----- Recorded data

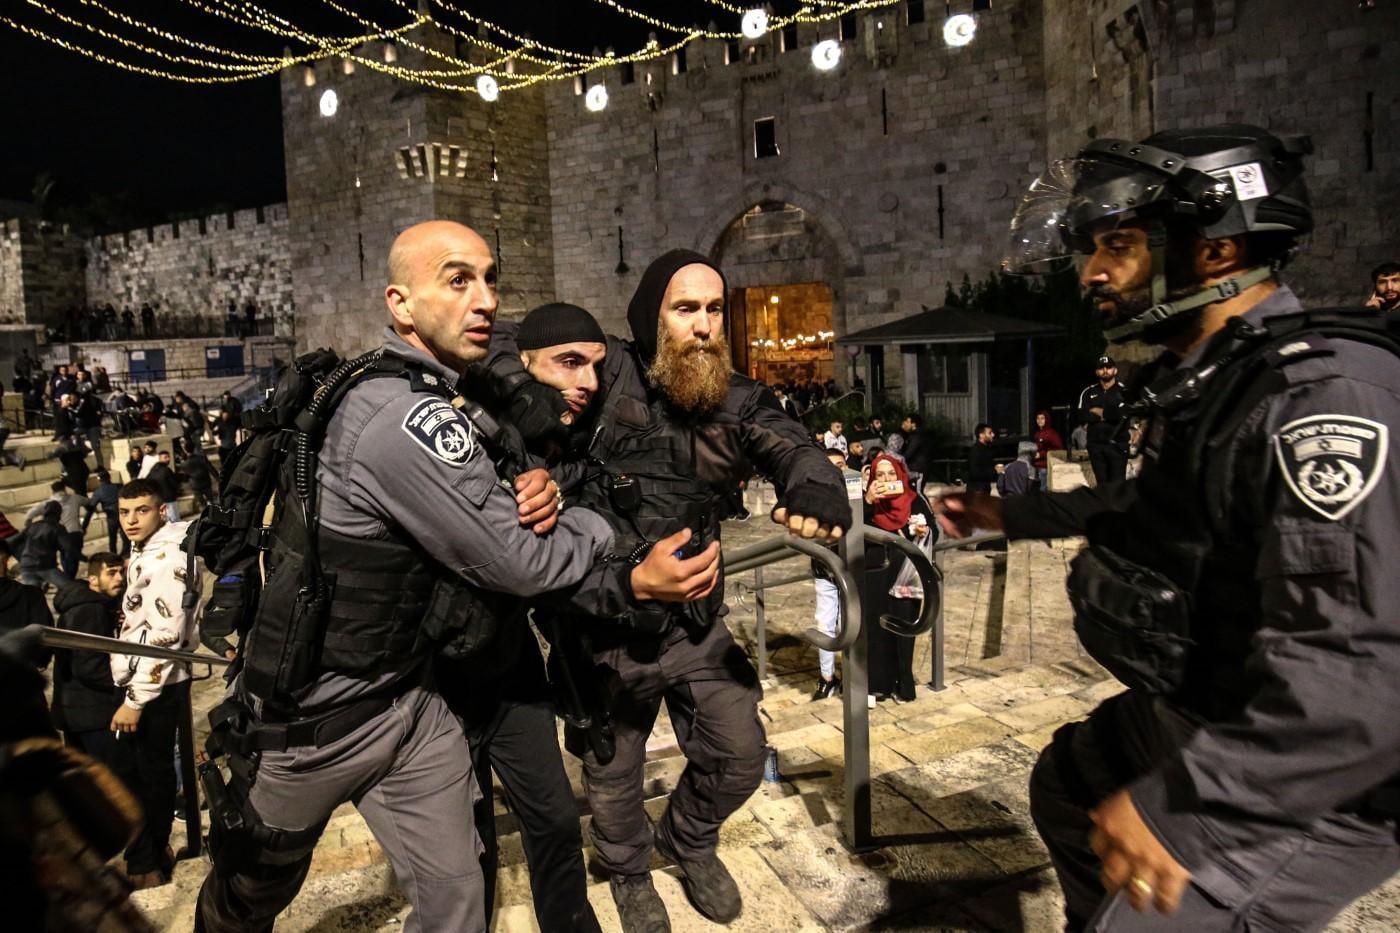 مواجهات في القدس واعتقال 3 مواطنين من باب العامود
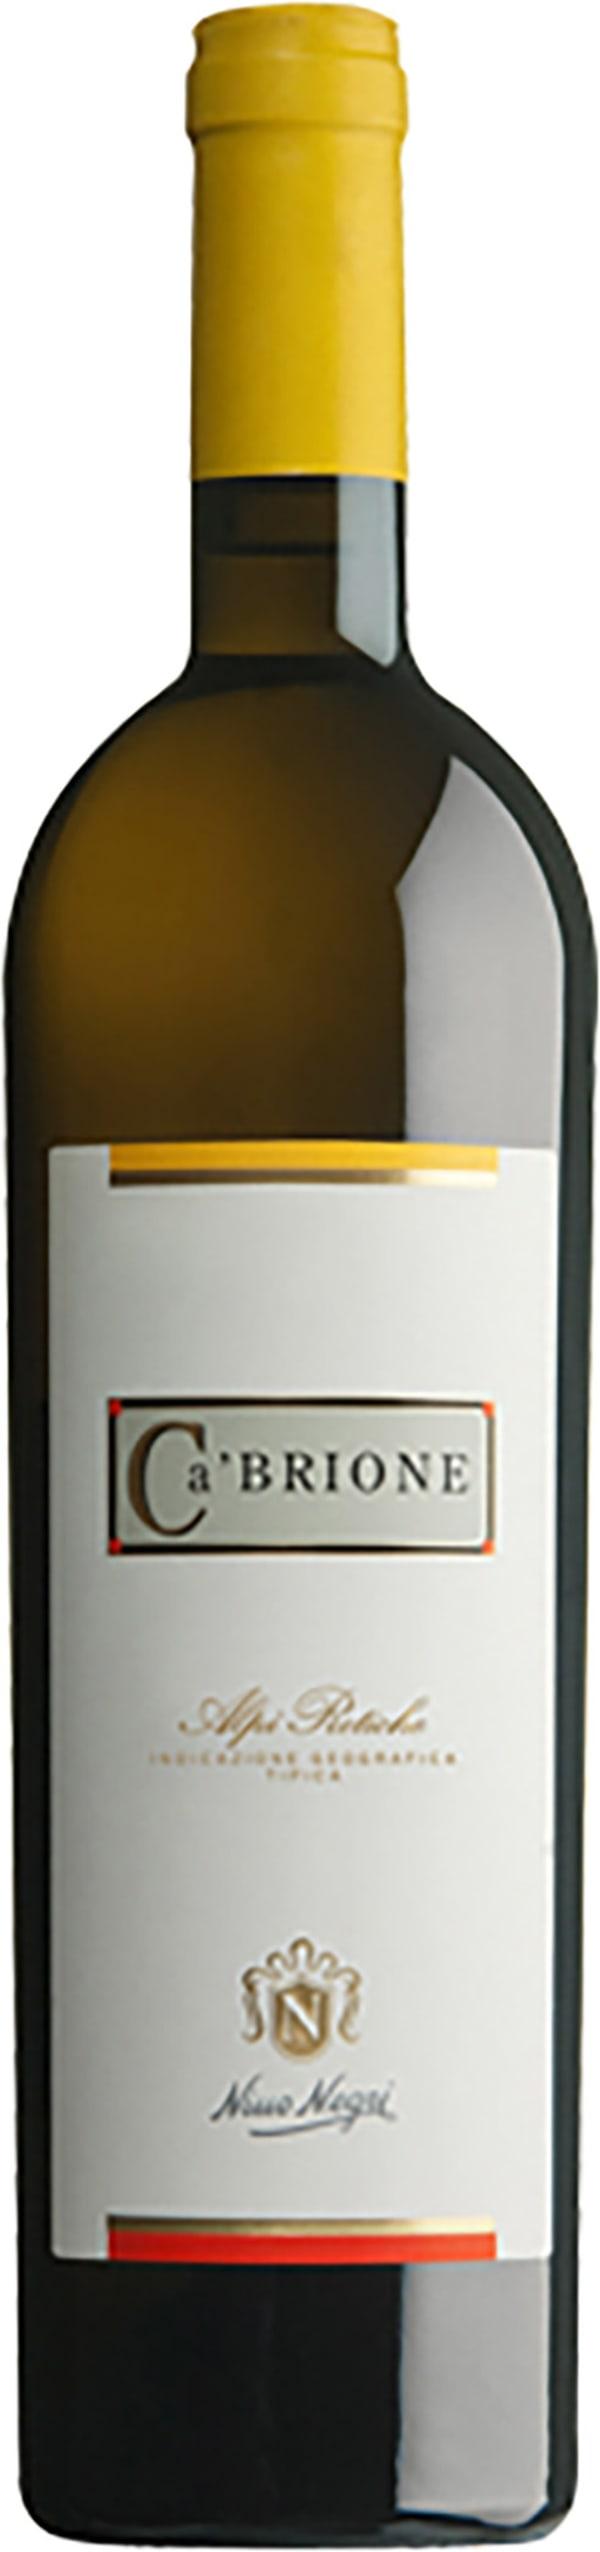 Nino Negri Ca' Brione 2019
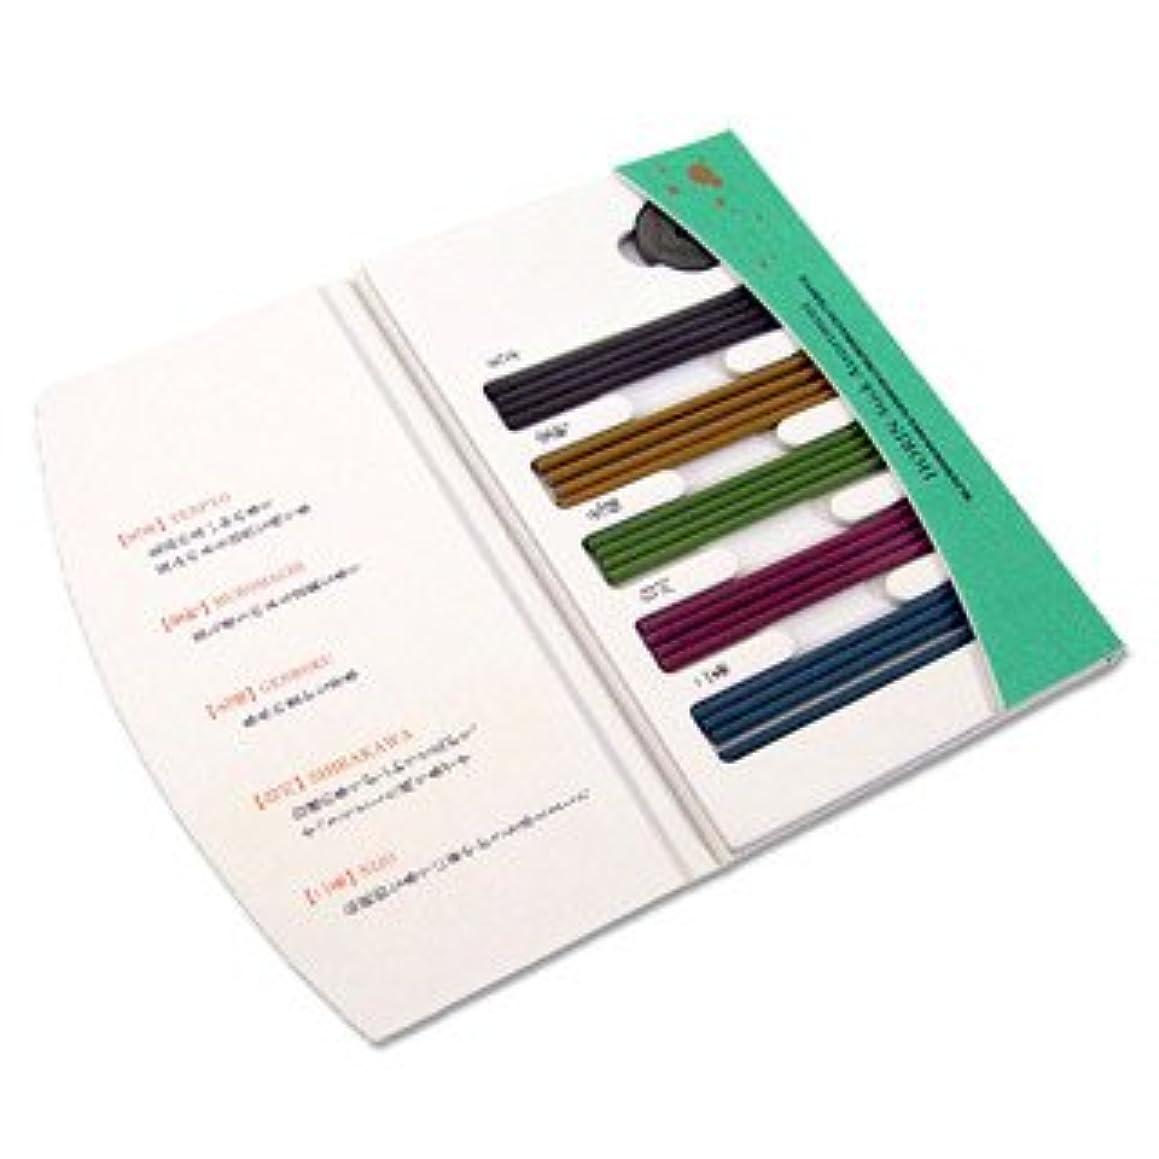 追い付く脚本家類似性Shoyeido's Horin Incense Assortment - 20 Sticks, New.

----------

Exercise details: Produce a verbatim copy of the listing, leaving out all pictures.

Written response:
 مواجهات في القدس واعتقال 3 مواطنين من باب العامود
 Nino Negri Ca' Brione 2019
 追い付く脚本家類似性Shoyeido's Horin Incense Assortment - 20 Sticks, New.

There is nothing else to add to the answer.